-------- Provided data --------
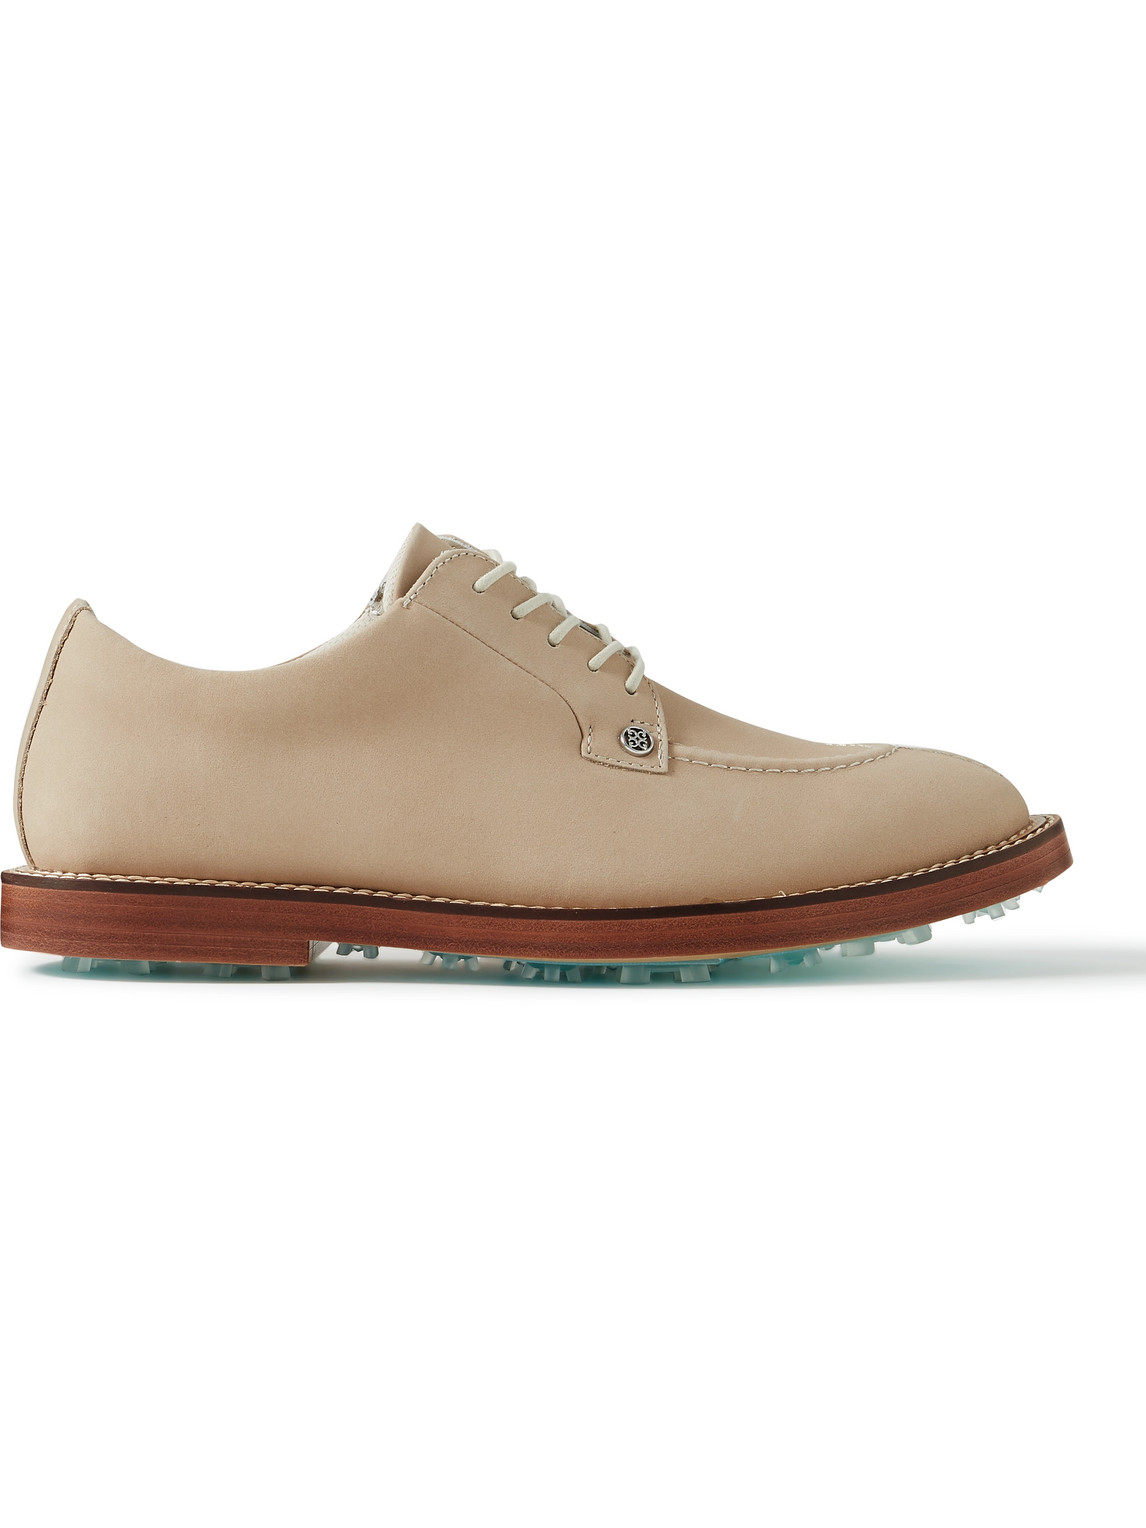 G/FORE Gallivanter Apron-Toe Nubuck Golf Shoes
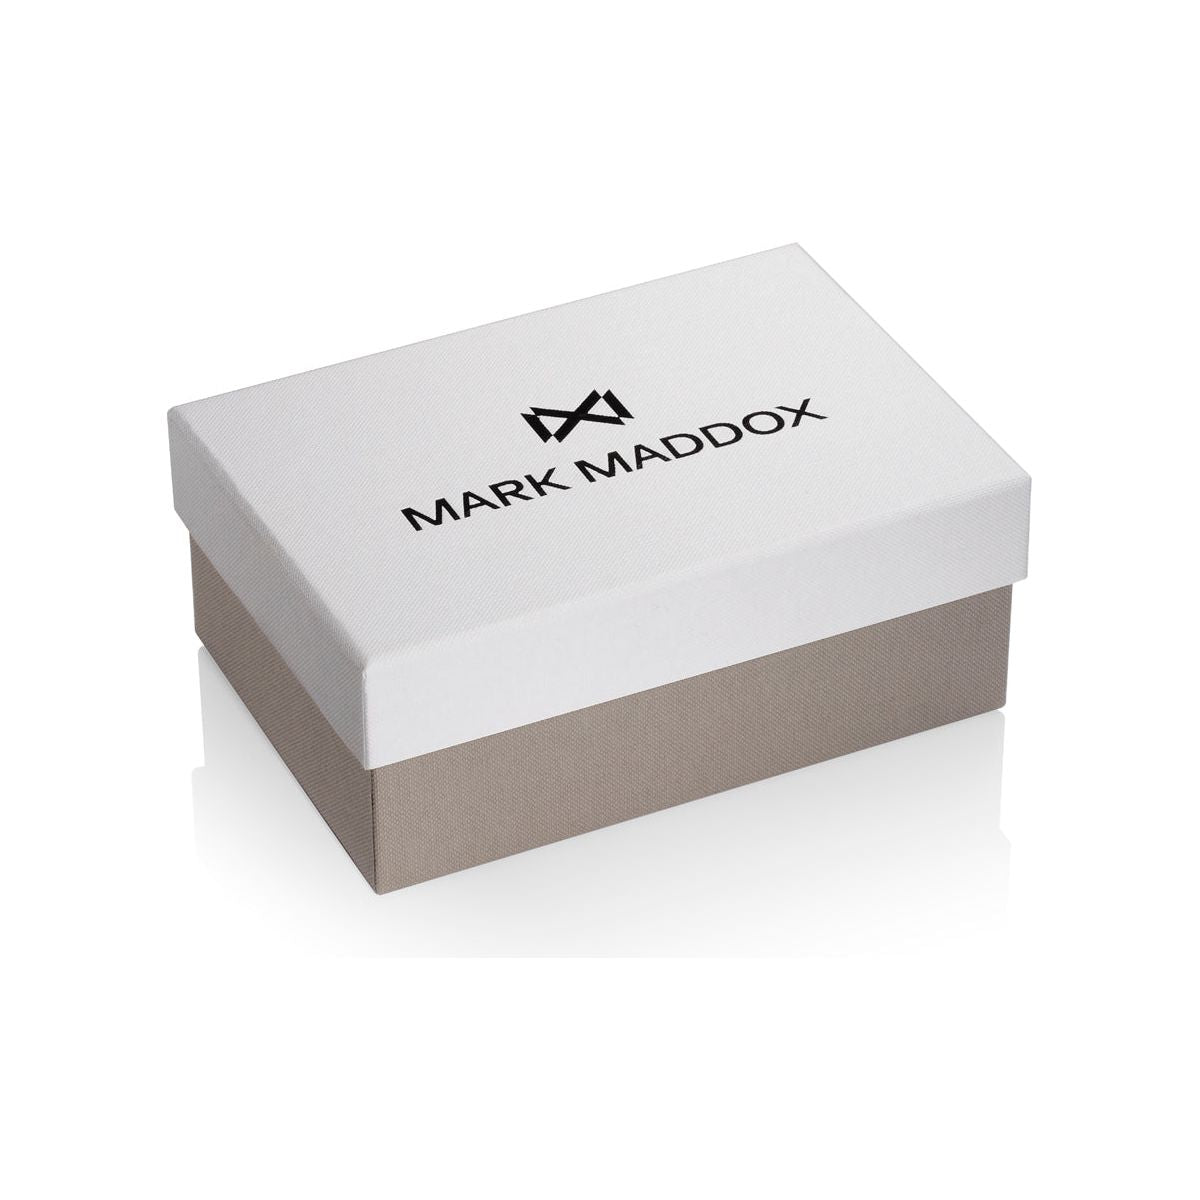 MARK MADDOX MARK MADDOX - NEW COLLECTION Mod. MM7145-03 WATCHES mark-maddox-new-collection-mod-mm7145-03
--------
-------- Provided data --------
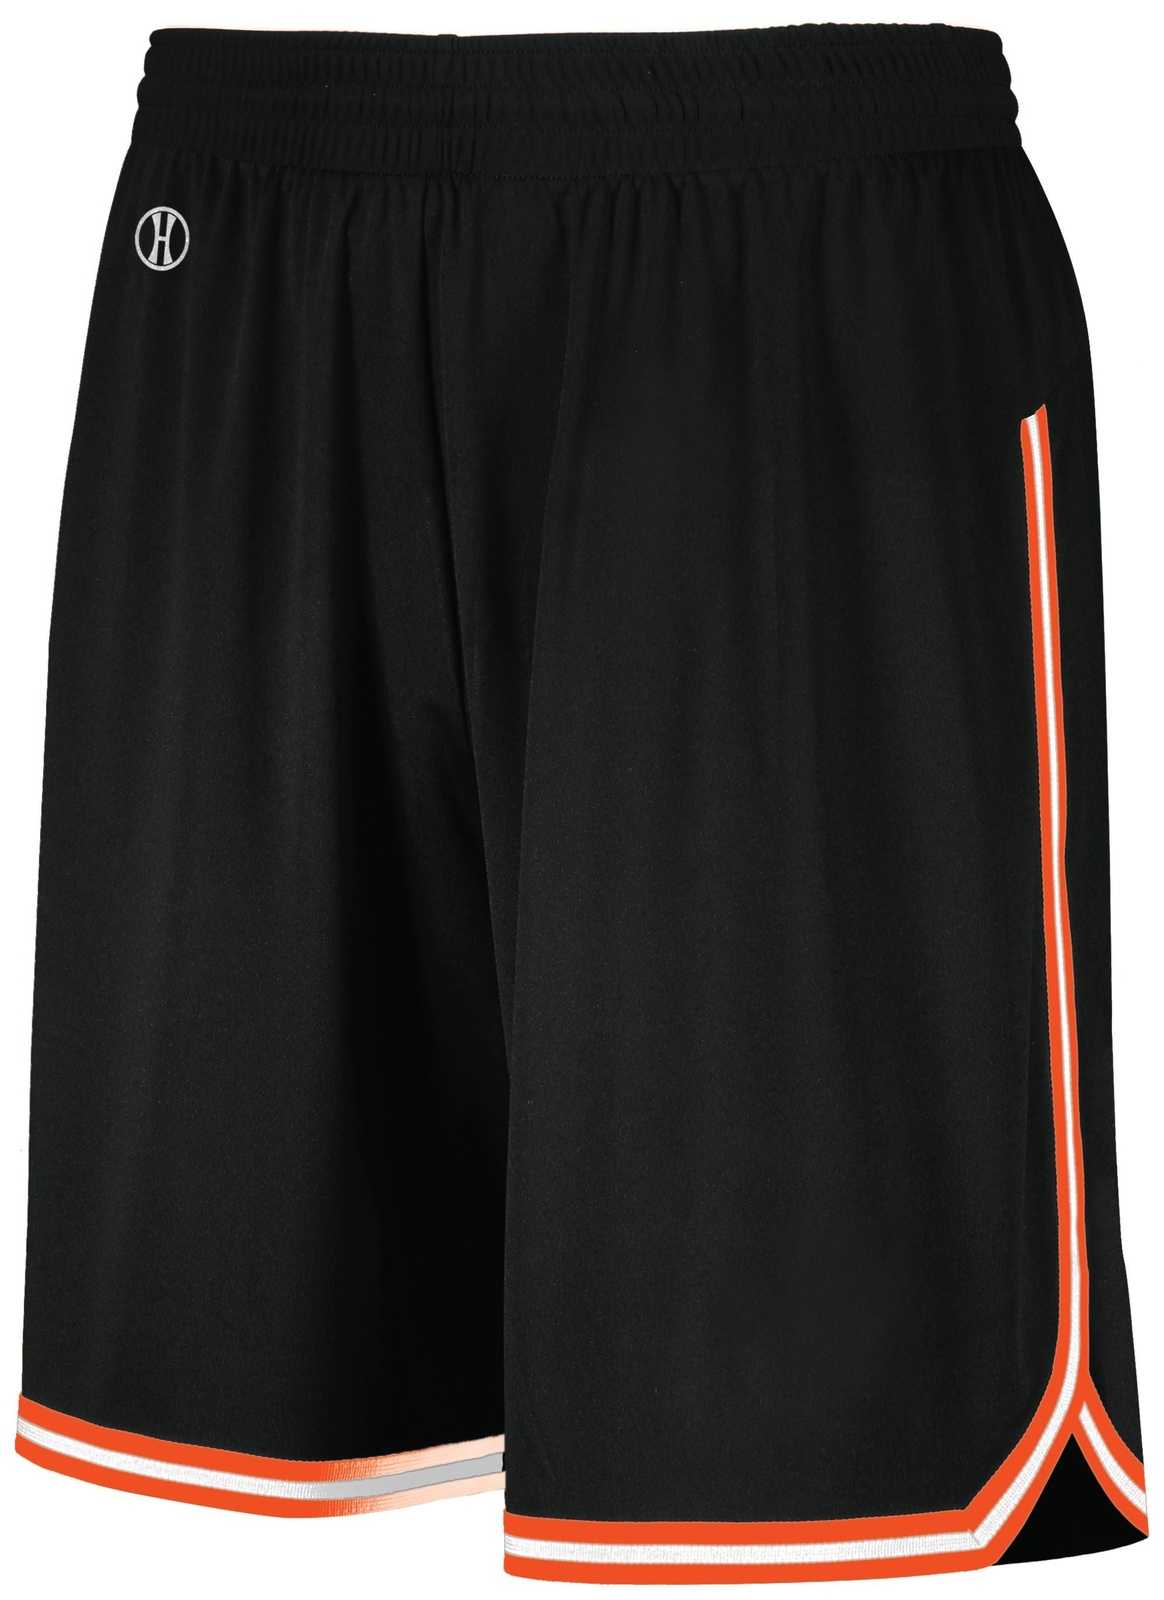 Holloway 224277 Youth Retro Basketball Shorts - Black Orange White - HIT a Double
--------
**Your instructions**. Set down again, exactly, every line above from the one with "G/FORE Gallivanter Apron-Toe" down to the one with "MARK MADDOX MARK", both ends included. No pictures, and nothing else.

**Answer area**.
 G/FORE Gallivanter Apron-Toe Nubuck Golf Shoes
 MARK MADDOX MARK MADDOX - NEW COLLECTION Mod. MM7145-03 WATCHES mark-maddox-new-collection-mod-mm7145-03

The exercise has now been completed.